Try it
Scan the entries below for the word "half". Copy each line that has it.

Materials provided
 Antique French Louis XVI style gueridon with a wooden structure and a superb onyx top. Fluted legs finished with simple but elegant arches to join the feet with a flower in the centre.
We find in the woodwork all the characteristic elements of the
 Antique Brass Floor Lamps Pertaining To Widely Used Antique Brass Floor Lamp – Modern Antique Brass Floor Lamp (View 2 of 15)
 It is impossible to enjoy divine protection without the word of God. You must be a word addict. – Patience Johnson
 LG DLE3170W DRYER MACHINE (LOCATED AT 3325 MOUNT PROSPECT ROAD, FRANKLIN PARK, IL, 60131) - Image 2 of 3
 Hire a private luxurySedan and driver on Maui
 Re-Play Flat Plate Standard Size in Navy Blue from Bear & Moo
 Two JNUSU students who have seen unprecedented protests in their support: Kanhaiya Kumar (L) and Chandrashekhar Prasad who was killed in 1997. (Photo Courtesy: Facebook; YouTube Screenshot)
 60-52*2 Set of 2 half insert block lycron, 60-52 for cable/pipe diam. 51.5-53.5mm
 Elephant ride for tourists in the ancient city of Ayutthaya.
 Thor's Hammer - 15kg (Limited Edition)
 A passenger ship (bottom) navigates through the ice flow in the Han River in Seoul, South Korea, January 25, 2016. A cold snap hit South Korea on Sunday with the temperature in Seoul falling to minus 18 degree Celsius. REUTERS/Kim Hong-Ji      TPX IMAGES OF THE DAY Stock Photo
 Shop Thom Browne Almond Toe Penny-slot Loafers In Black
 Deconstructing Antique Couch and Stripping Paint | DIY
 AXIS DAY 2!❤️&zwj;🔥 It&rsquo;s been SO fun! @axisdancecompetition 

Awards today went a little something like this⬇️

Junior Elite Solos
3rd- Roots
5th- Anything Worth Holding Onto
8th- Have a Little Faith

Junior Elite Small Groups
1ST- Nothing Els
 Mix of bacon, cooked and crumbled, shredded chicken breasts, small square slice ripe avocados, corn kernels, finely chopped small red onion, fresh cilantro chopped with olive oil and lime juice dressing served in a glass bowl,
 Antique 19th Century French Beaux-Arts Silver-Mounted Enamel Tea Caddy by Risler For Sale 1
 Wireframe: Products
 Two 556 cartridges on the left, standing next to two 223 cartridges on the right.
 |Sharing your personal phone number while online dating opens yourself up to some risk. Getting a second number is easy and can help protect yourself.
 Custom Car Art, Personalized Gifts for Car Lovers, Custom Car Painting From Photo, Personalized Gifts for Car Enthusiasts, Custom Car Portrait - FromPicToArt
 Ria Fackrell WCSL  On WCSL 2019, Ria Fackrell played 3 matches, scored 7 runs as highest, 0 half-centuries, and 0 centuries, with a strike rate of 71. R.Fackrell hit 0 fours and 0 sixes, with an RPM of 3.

Solved exercise
 60-52*2 Set of 2 half insert block lycron, 60-52 for cable/pipe diam. 51.5-53.5mm
 Ria Fackrell WCSL  On WCSL 2019, Ria Fackrell played 3 matches, scored 7 runs as highest, 0 half-centuries, and 0 centuries, with a strike rate of 71. R.Fackrell hit 0 fours and 0 sixes, with an RPM of 3.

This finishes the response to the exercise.